Linette flinches at the term. ‘If you must be so blunt. One of the girls died.’

‘Died?’

‘Her body was found down by the road, under the willows. Do you remember the dark-haired girl I spoke to in the square?’ Henry nods. ‘Her name is Rhiannon, Heledd Einion’s granddaughter. Of course, all this was long before I was born so I cannot vouch for the truth of it. Enaid tells me I must not listen to village gossip, and it does all seem incredibly unlikely – it’s perfectly possible Heledd simply slipped on the tree roots and broke her neck. But whatever the truth of it the people of Penhelyg believe wholeheartedly that my grandfather was responsible, and that if it were not for his English friends none of this would have happened. As a consequence they do not trust Englishmen, and so they do not trust you.’

Henry is watching her.

‘I see,’ he says, and this time, it seems, he does. Instead of looking angry as Linette thought he might, Henry instead looks contemplative.

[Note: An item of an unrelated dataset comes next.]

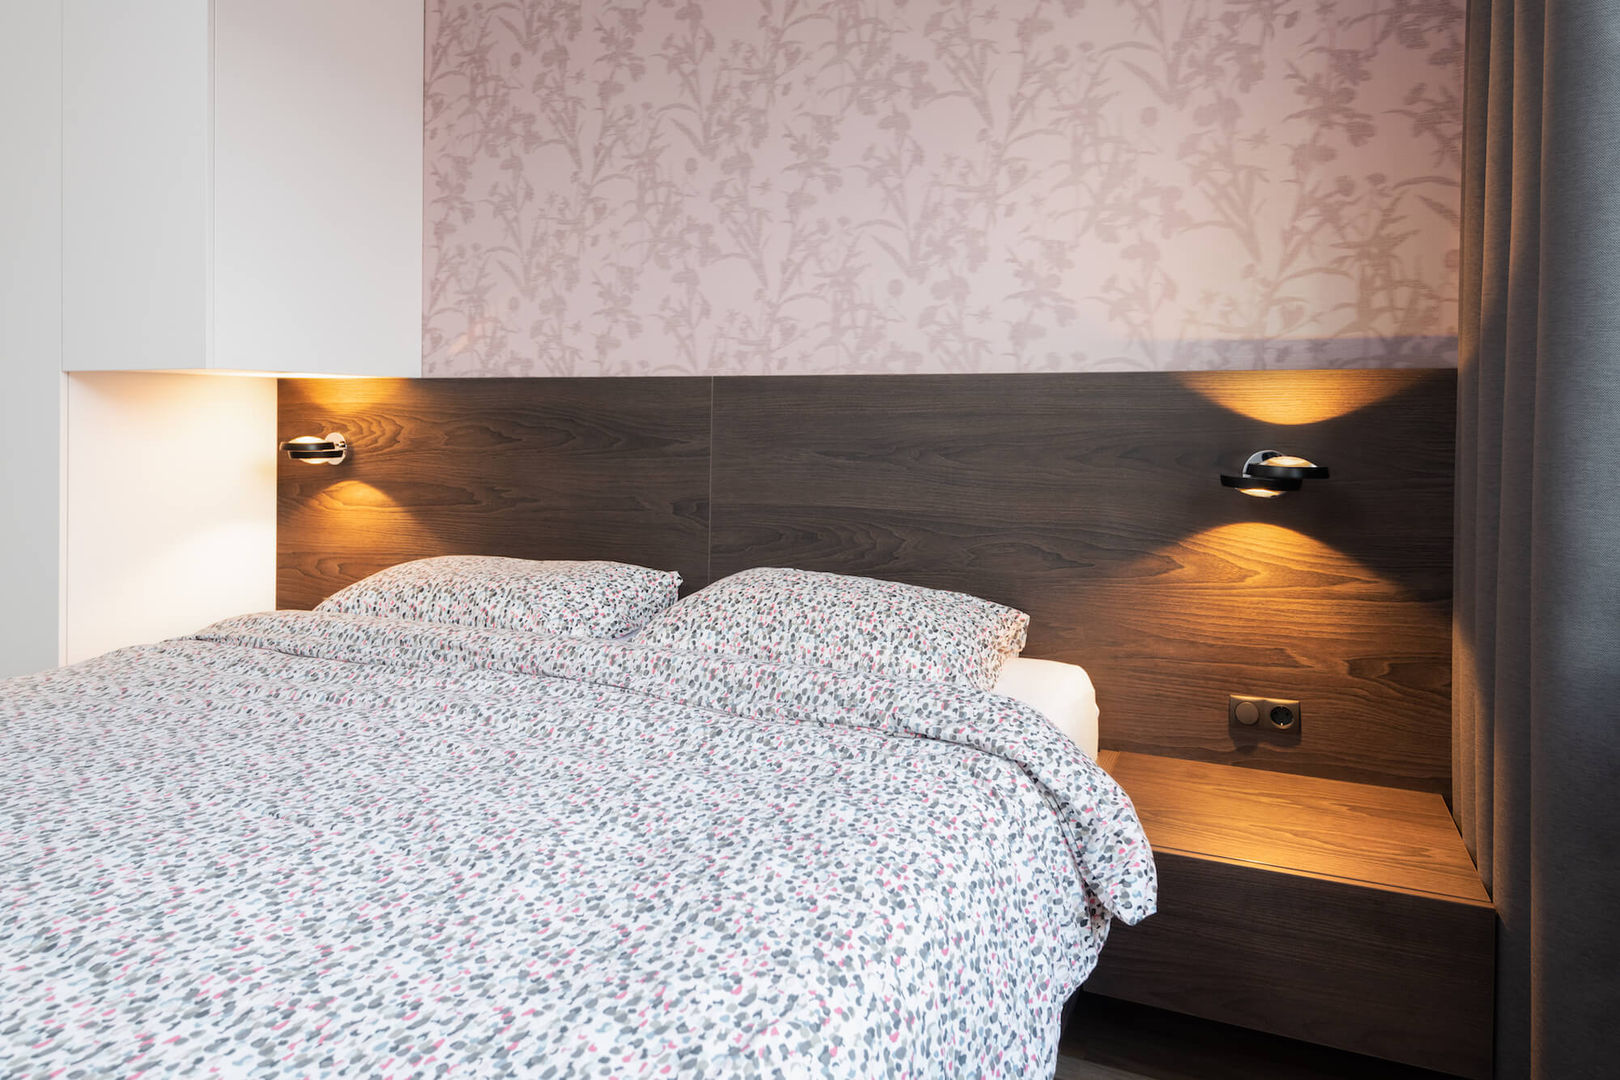 Kleine slaapkamer met kast boven het bed, De Suite De Suite Small bedroom

‘You kindly offered your assistance earlier,’ he says, ‘to come with me when I visited your tenants.’ Linette waits. He clears his throat. ‘I still want to make a try of it on my own. I think that’s important. But you accused me of being quick to judge just now and it did not sit well with me. Perhaps you might agree to help in other ways.’

‘Oh?’

‘I need to learn your language. For my sake, as well as theirs. How can they learn to trust me if I do not speak their tongue? I have the dictionary, of course, but it’s clear I need more specialist knowledge, of the kind only a native speaker can provide. The pronunciation, the nuances, all of that.’ His dark eyes are bright, suddenly keen. ‘Will you teach me?’

Linette feels a rush of unexpected pleasure, of gratitude, and she says, more brightly than she is prone, ‘I would gladly teach you, if you really wish it. Shall we start tomorrow?’

But Henry has hesitated, is shaking his head.

‘I planned to visit Dr Beddoe tomorrow.’

He indicates his medical bag which he left by the study door, and Linette once again marks its scuffed hide, its lopsided handle.

‘I need more supplies, something suitable in which to carry them if I am to visit my patients on horseback.’ He hesitates again for the briefest moment before continuing. ‘I was hoping he might advise me.’

Linette marks his hesitation with guarded interest.

‘There’s a boatman who can take you across to Criccieth.’

‘A boatman?’

‘It’s the only way over the estuary. You must catch it from the port six miles from here. I’ll have Cadoc send word down to Mr Morgan who can take you. But why the rush? I can advise you just as well as he can on such a trifling matter.’

Something shadows his face. ‘There are some things only a doctor can answer.’